Find all lines with the word "Sleeve" in the material, then copy them.

☆ ☆ ☆

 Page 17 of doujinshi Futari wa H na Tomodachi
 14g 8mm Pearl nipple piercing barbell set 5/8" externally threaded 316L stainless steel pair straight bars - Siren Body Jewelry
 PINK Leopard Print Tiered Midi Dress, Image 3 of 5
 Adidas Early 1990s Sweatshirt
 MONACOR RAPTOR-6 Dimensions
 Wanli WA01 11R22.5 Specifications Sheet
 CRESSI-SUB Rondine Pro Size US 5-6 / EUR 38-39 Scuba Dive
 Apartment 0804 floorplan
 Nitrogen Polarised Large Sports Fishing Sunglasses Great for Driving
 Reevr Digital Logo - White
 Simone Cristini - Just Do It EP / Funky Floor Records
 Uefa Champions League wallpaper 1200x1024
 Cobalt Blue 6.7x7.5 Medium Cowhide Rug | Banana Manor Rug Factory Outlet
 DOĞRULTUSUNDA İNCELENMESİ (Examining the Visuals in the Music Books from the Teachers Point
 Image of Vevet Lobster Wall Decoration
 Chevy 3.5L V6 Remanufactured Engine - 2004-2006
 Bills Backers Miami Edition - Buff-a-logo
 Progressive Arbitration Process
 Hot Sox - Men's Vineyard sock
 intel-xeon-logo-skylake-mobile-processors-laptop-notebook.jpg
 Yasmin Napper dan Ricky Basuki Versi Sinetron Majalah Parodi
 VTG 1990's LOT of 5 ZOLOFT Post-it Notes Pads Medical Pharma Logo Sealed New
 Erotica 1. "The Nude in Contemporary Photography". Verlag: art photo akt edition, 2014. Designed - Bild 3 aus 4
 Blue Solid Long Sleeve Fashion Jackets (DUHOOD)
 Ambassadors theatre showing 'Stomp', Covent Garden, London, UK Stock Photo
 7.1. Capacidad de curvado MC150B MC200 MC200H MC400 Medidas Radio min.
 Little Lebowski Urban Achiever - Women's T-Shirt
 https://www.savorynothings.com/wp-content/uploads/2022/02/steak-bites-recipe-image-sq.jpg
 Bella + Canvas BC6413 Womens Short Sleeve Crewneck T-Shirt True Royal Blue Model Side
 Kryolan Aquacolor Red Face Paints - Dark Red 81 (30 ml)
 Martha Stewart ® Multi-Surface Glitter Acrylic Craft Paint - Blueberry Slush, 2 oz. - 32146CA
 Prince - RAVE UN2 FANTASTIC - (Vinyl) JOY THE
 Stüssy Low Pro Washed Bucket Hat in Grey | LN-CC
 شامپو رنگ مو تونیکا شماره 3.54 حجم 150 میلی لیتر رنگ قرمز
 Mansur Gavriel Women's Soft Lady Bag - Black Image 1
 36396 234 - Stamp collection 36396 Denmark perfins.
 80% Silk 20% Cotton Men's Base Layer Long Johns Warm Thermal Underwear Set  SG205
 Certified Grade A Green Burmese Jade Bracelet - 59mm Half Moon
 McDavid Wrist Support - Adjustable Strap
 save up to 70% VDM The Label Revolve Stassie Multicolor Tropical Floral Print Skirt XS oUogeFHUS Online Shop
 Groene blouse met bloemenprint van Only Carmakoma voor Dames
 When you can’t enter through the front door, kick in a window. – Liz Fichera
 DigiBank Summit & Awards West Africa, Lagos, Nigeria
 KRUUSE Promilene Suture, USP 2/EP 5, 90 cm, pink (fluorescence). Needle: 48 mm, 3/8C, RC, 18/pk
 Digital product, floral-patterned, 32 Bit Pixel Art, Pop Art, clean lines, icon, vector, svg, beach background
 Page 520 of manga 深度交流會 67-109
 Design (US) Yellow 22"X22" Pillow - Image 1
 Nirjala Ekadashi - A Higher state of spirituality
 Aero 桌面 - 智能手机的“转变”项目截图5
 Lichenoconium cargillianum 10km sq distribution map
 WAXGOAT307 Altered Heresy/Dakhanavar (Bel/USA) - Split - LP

☆ ☆ ☆

__Solution below__:
 Blue Solid Long Sleeve Fashion Jackets (DUHOOD)
 Bella + Canvas BC6413 Womens Short Sleeve Crewneck T-Shirt True Royal Blue Model Side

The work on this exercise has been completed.